Why it mattersOT security requires realistic plans that account for uptime, legacy systems, operational safety, and board-level accountability.
- 04InformationWeek
AI Disaster Recovery Planning Is Years Behind AI Adoption
The article highlights a growing resilience gap between rapid AI deployment and lagging recovery planning. Organisations are increasingly relying on AI without equally modern backup, continuity, and recovery strategies.
Why it mattersAI adoption without recovery planning can create serious operational dependency. Organisations must prepare for AI-system failure, corruption, or prolonged disruption.
- 05Forbes Business Council
Security Assurance Is Now Proof of Cyber Maturity
This article explains that cybersecurity maturity is no longer demonstrated simply by having policies, controls, and tools in place. Organisations must provide measurable assurance that controls work effectively, risks are actively managed, and the business can withstand and recover from incidents.
Why it mattersCyber maturity must be demonstrated through evidence and outcomes. Boards, insurers, regulators, and customers increasingly expect proof that controls are effective.
- 06Cybersecurity Dive
As Cyber Risk Evolves, the Insurance Industry Tightens Guardrails
This article explains how cyber insurers are responding to worsening risk conditions by imposing stricter underwriting and coverage expectations. Insurance is becoming a stronger driver of security standards, claims discipline, and board-level risk management.

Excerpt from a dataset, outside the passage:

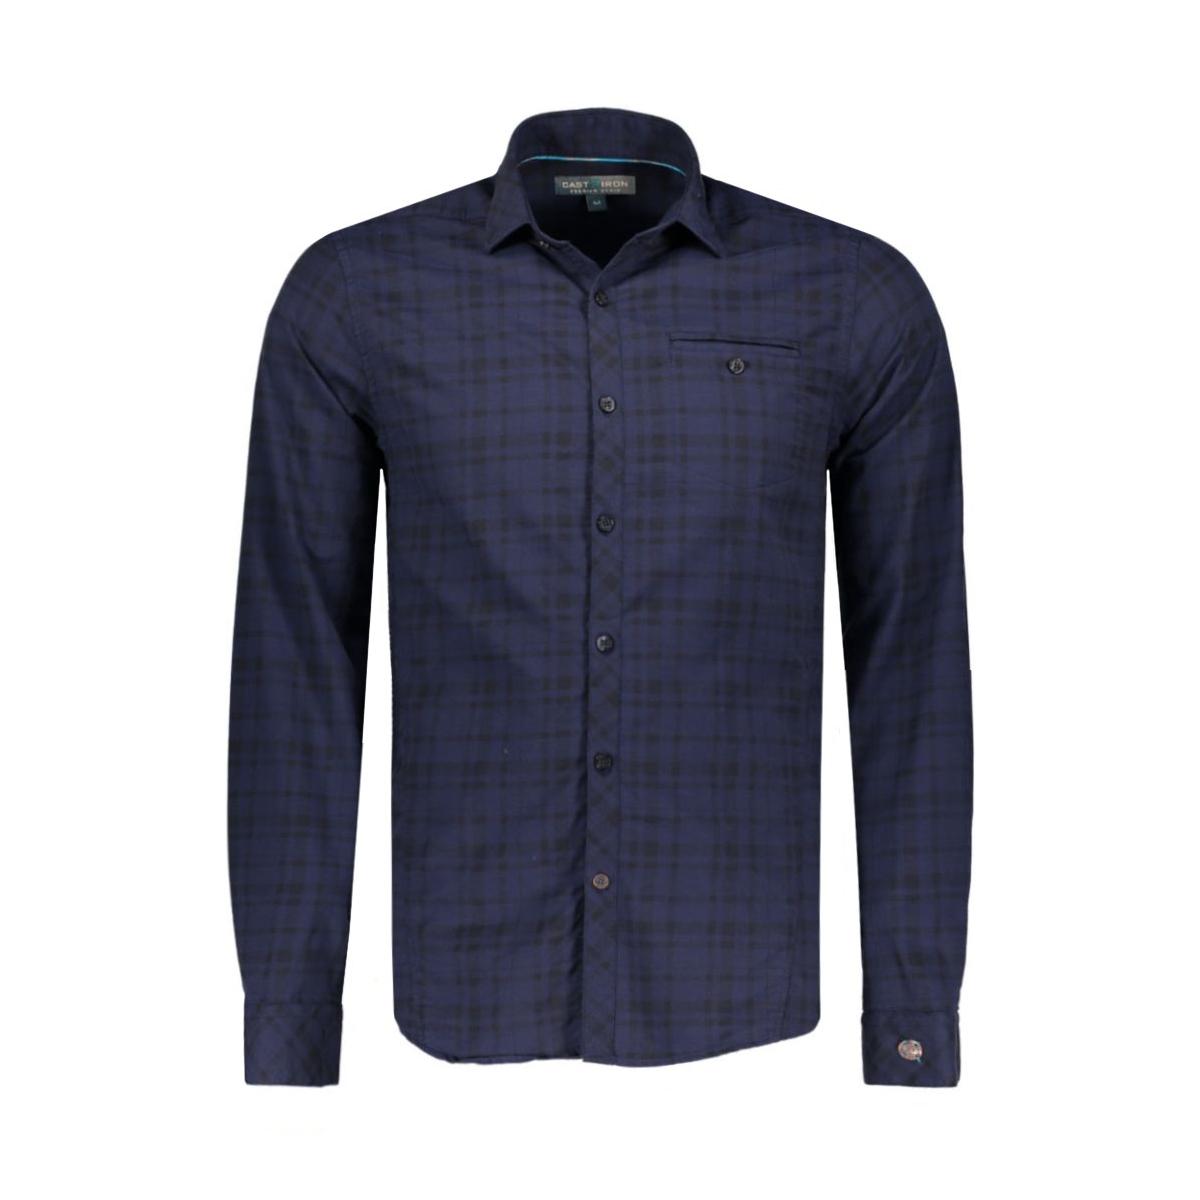 csi67602 cast iron overhemd 5073

Why it mattersCyber insurance requirements increasingly influence security investment, governance, incident preparedness, and the evidence organisations must provide.
- 07SC World
Stay Ahead in the SOC: Contain Threats with Confidence and Control
The article addresses the challenge of containing AI-driven intrusions at machine speed without unnecessarily disrupting operations. It focuses on containment, precision response, and the practical limits of automation for security operations centre teams.
Why it mattersFast containment must still be controlled and accurate. Poorly designed automated responses can disrupt business operations or create additional risk.
- 08CXO Today
Powering Up: How the Energy Sector Is Scaling AI and Cyber Resilience in 2026
This article examines how the energy sector and related industries are accelerating AI adoption while strengthening governance and cyber resilience. It is strategically important for critical infrastructure, where digital transformation and threat exposure are rising together.
Why it mattersEnergy organisations must balance innovation with operational reliability, safety, governance, and resilience against cyber disruption.
- 09Dark Reading
Third-Party Breaches Teach the Education Sector a Costly Lesson in Vendor Risk
The article highlights how vendor and supply-chain weaknesses are creating serious exposure in education environments. Its central lesson is that third-party risk management is essential to protecting sensitive data and reducing ransomware impact.
Why it mattersOrganisations remain exposed through vendors even when their own internal controls are strong. Supplier visibility and accountability are essential.
- 10CPO Magazine
Products That Are Not "Quantum-Safe" May Soon Be Ineligible for Cybersecurity Certification in France
This article covers an emerging regulatory shift towards quantum-safe security requirements for cybersecurity certification in France. It is an important forward-looking policy signal, although its immediate operational impact is narrower than the other issues in this edition.
Why it mattersQuantum-readiness requirements may soon influence procurement, product design, certification, and long-term cryptographic planning.